I am not the first to note that much of the world is taken up with un-necessary and ridiculous things. Much of what we buy we do for status or are driven by advertisements or unthinking habit. If the worst comes, it will be interesting to see how people who get around in large chrome-decorated pick-up trucks nowadays react to being forced to plod about on foot, without their status symbols to buoy their self-confidence, make them feel big.


In fact, if civilization collapses, it might be safer to isolate oneself on hidden farms and try to avoid notice by the bands of marauding thieves and pillagers who would troll the highways. Like Mad Max but with boreal forests instead of bare deserts.


A first step might be to block or dig up any paved roads in the area to prevent these free-wheeling marauders from getting easy access. A couple fair-sized trees would provide a significant block to marauder. Instead of a few seconds to get through that point, it would be minutes out of their cars, exposed and on foot, with maybe another block just past the next bend. If the fallen trees are draped with barbed wire, the road-block is likely to be almost impassable to any fast-wheeling bandit.


This might be pessimistic about our fellow humans, but seeing how some/ many drive today and the general me-first, selfishness out there, it is difficult to believe that under harsh conditions their behaviour will improve. For sure after a couple years the bad ones will do themselves or each other in, and the rough edges will be smoothed out of the rest.

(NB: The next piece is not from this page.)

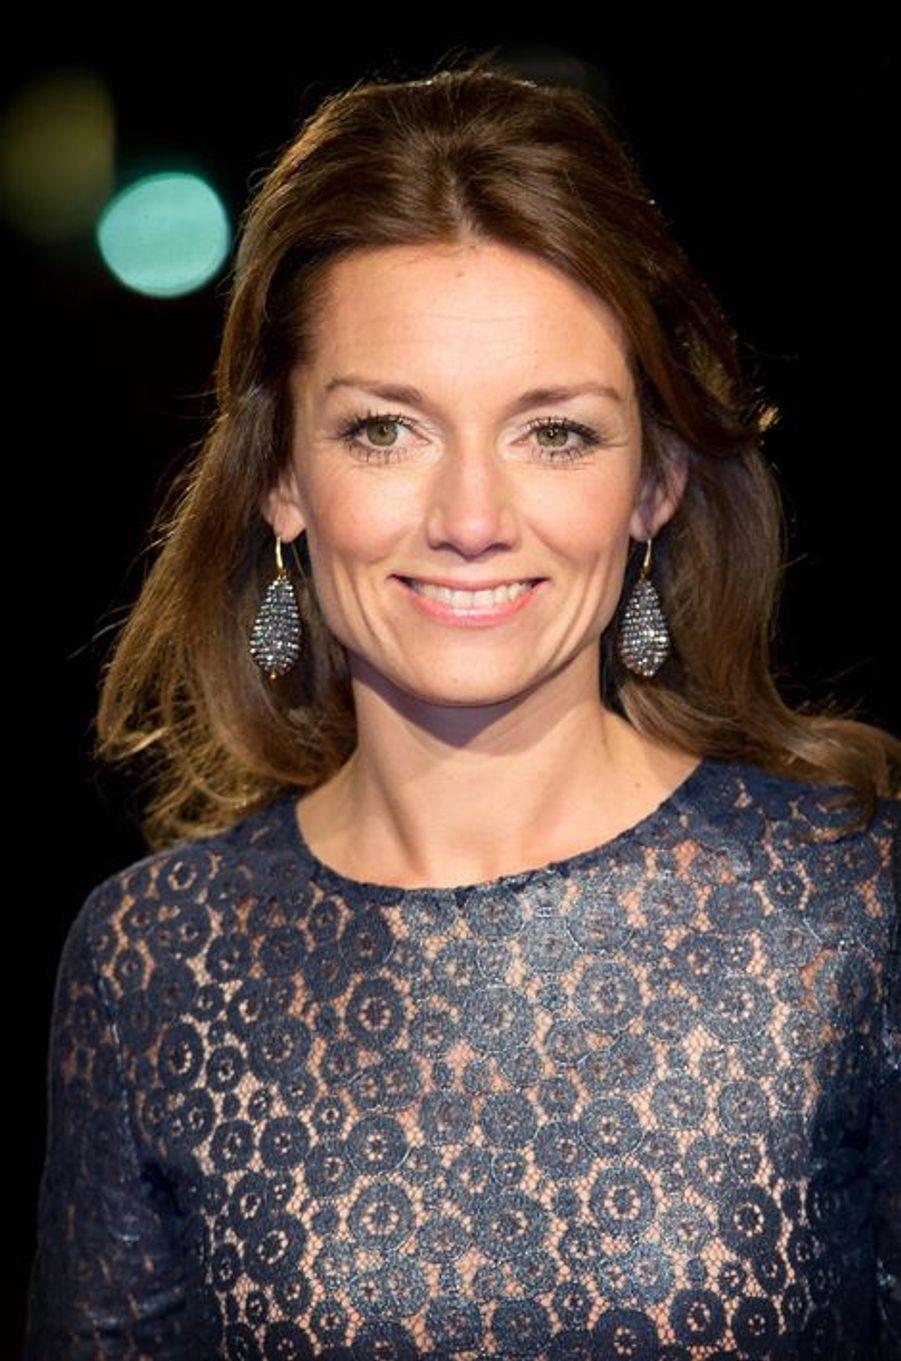 La princesse Aimée au théâtre Beatrix d'Utrecht, le 8 décembre 2014

Heck - probably the first winter - a true test of character - will winnow out those who don't share or care. Those who rely on someone telling them what to do - who are not self-starters, who are not self-disciplined - will have a difficult or impossible time of it.


It is said that hunter-gatherers were able to satisfy their simple needs with just a few hours of work a day. We too could live that easily if we lowered our needs. As an experiment in the 1920s and 30s, several went to live in the woods. Some more mainstream adopted "wilderness welfare," that I refer to above, but the ones I am talking about now actually tried to go back to stone age technology. If you are interested you may find references to these in old newspapers.